* [Prompt] Copy out the data exactly, leaving the pictures behind.

* [Exercise data]
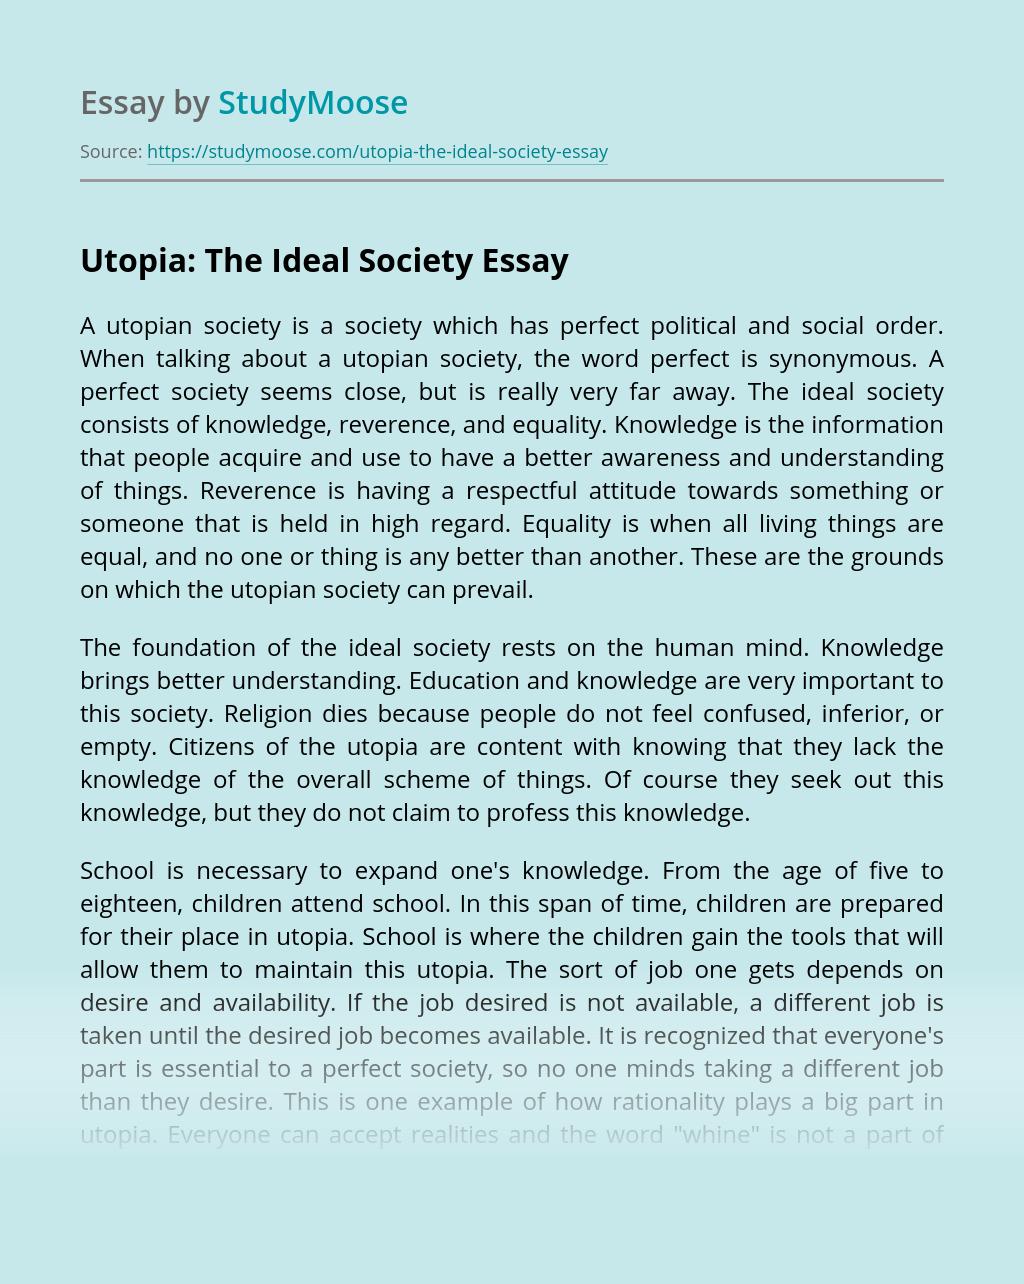 Utopia: The Ideal Society
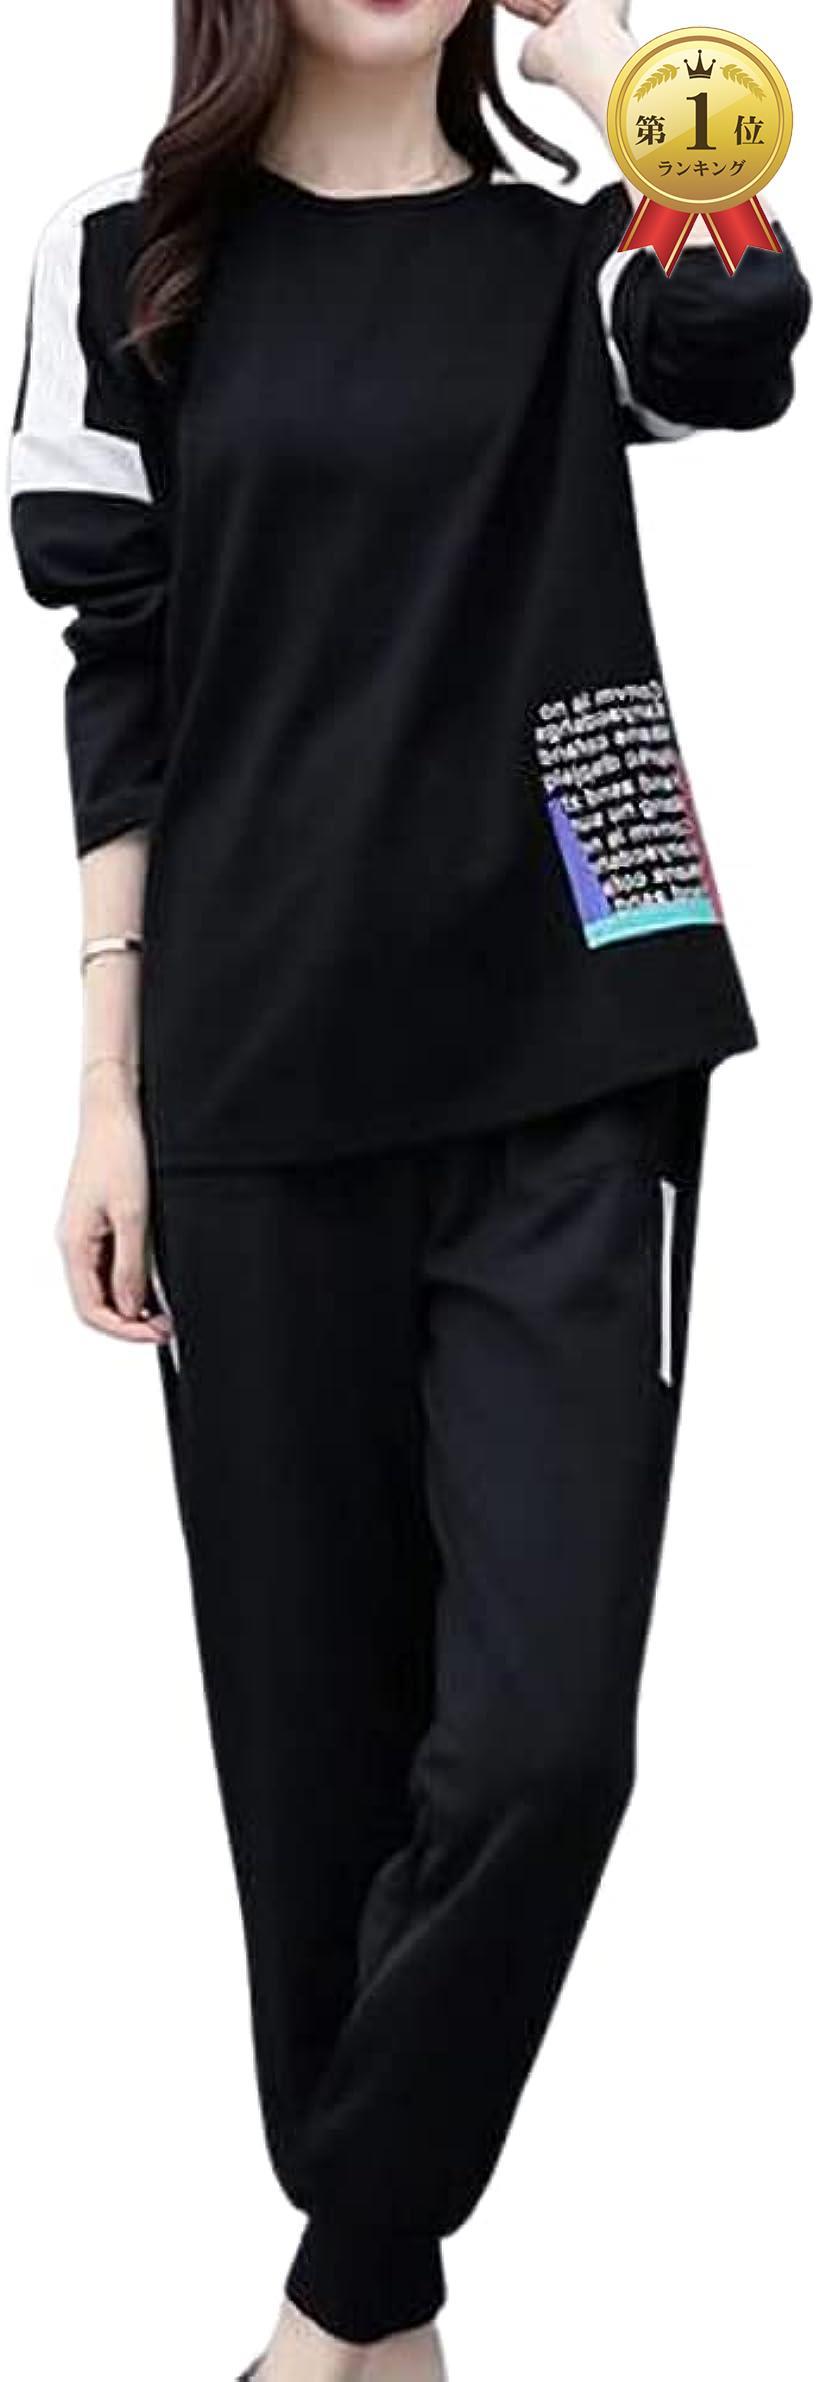 emptio エンプティオ 長袖 オシャレ 祝日 引出物 上下セット スエット レディ―ス パンツ #ブラック ブラック セットアップ M
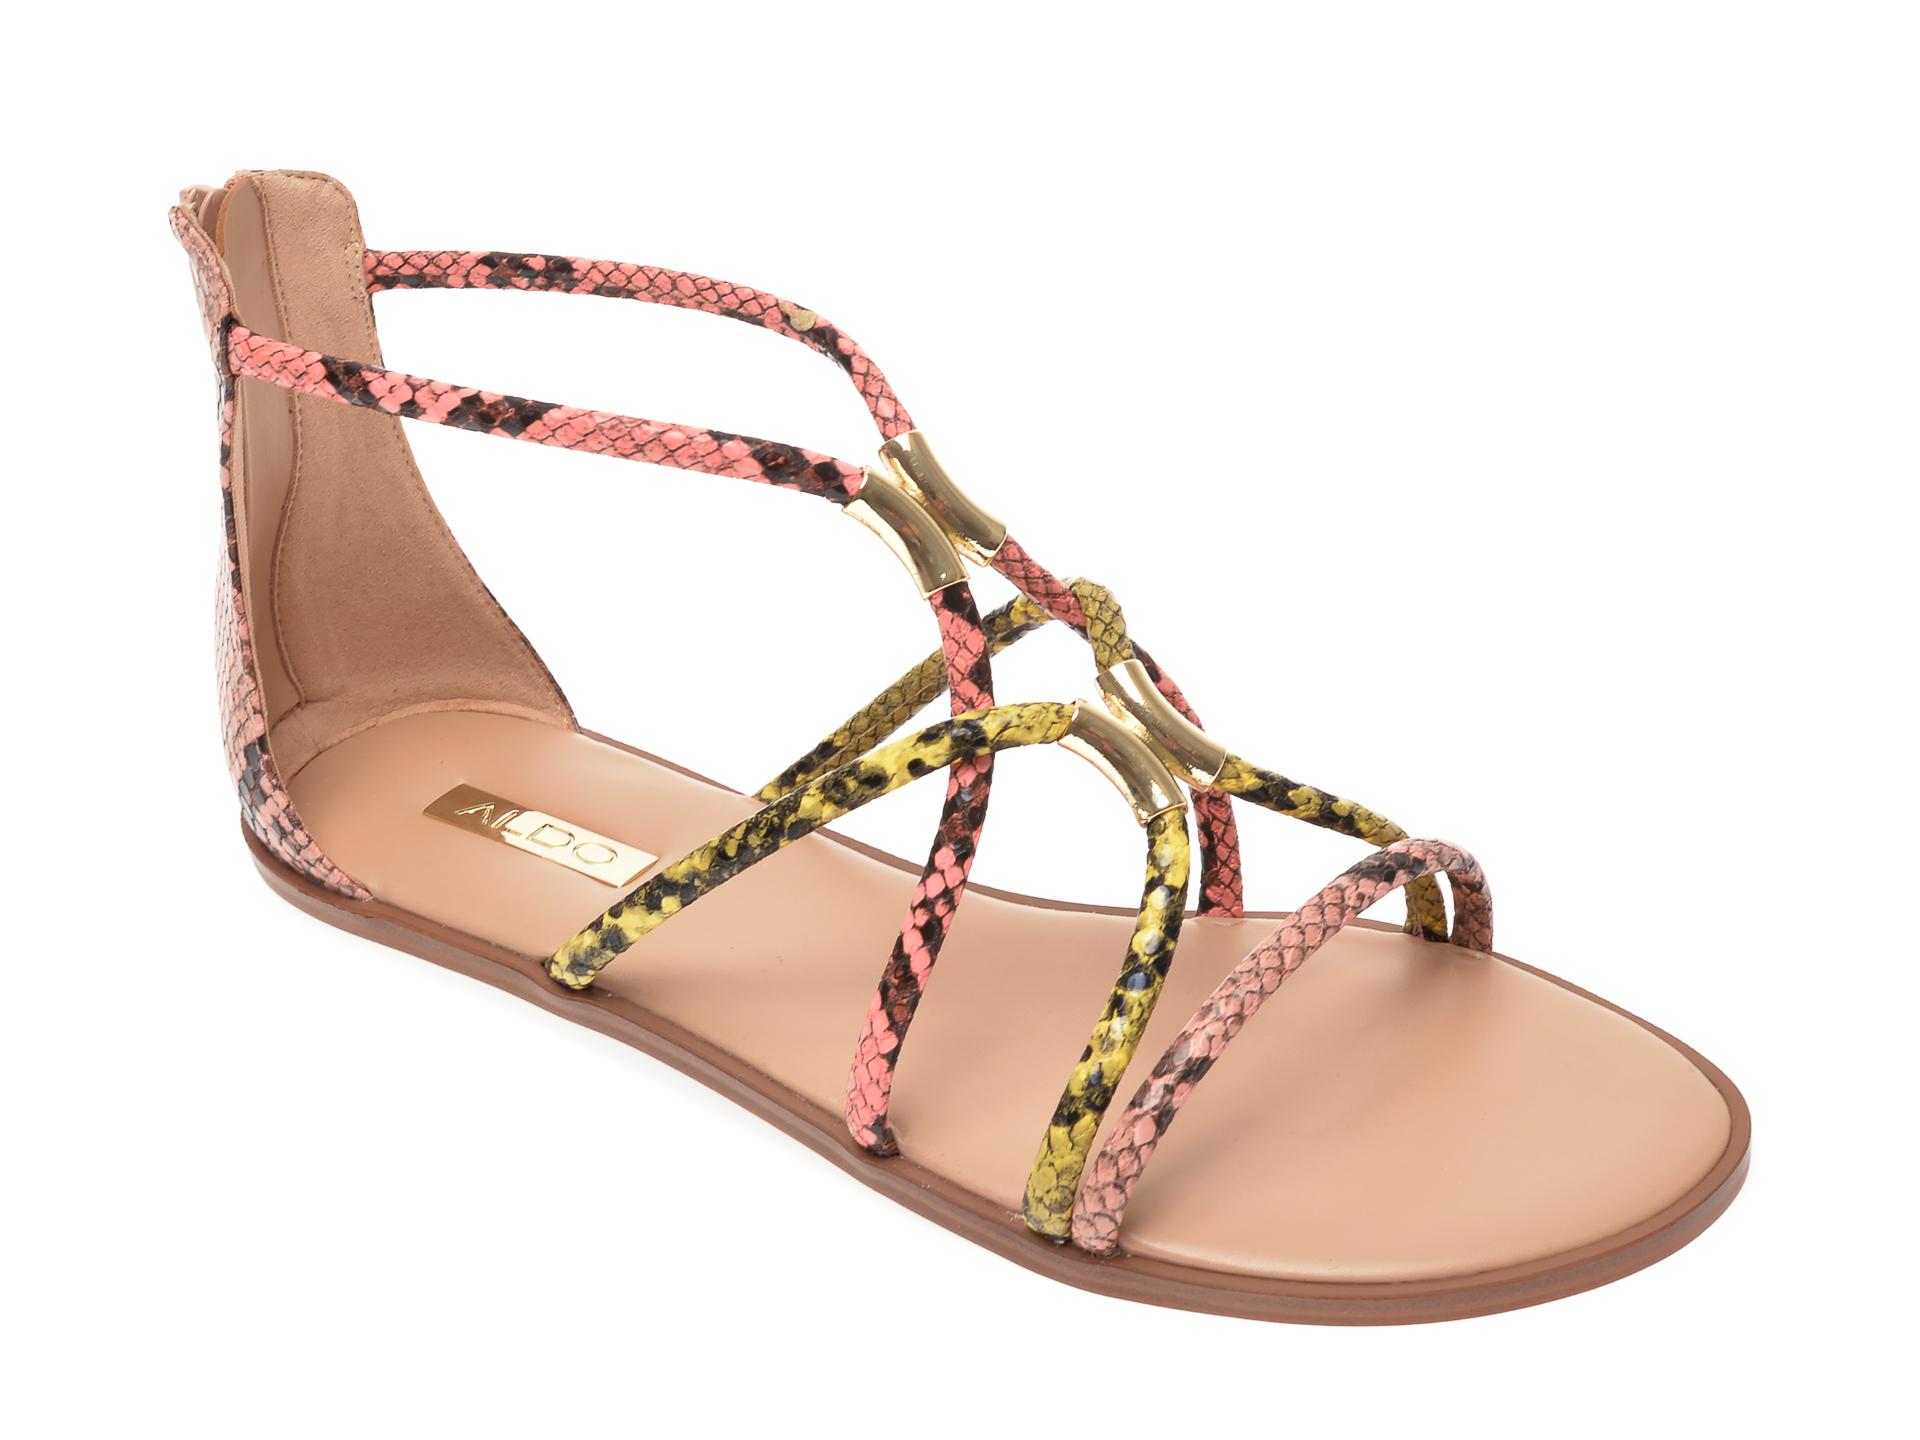 Sandale ALDO multicolore, Pozoa960, din piele ecologica imagine

* [Written answer]
 Utopia: The Ideal Society
 emptio エンプティオ 長袖 オシャレ 祝日 引出物 上下セット スエット レディ―ス パンツ #ブラック ブラック セットアップ M
 Sandale ALDO multicolore, Pozoa960, din piele ecologica imagine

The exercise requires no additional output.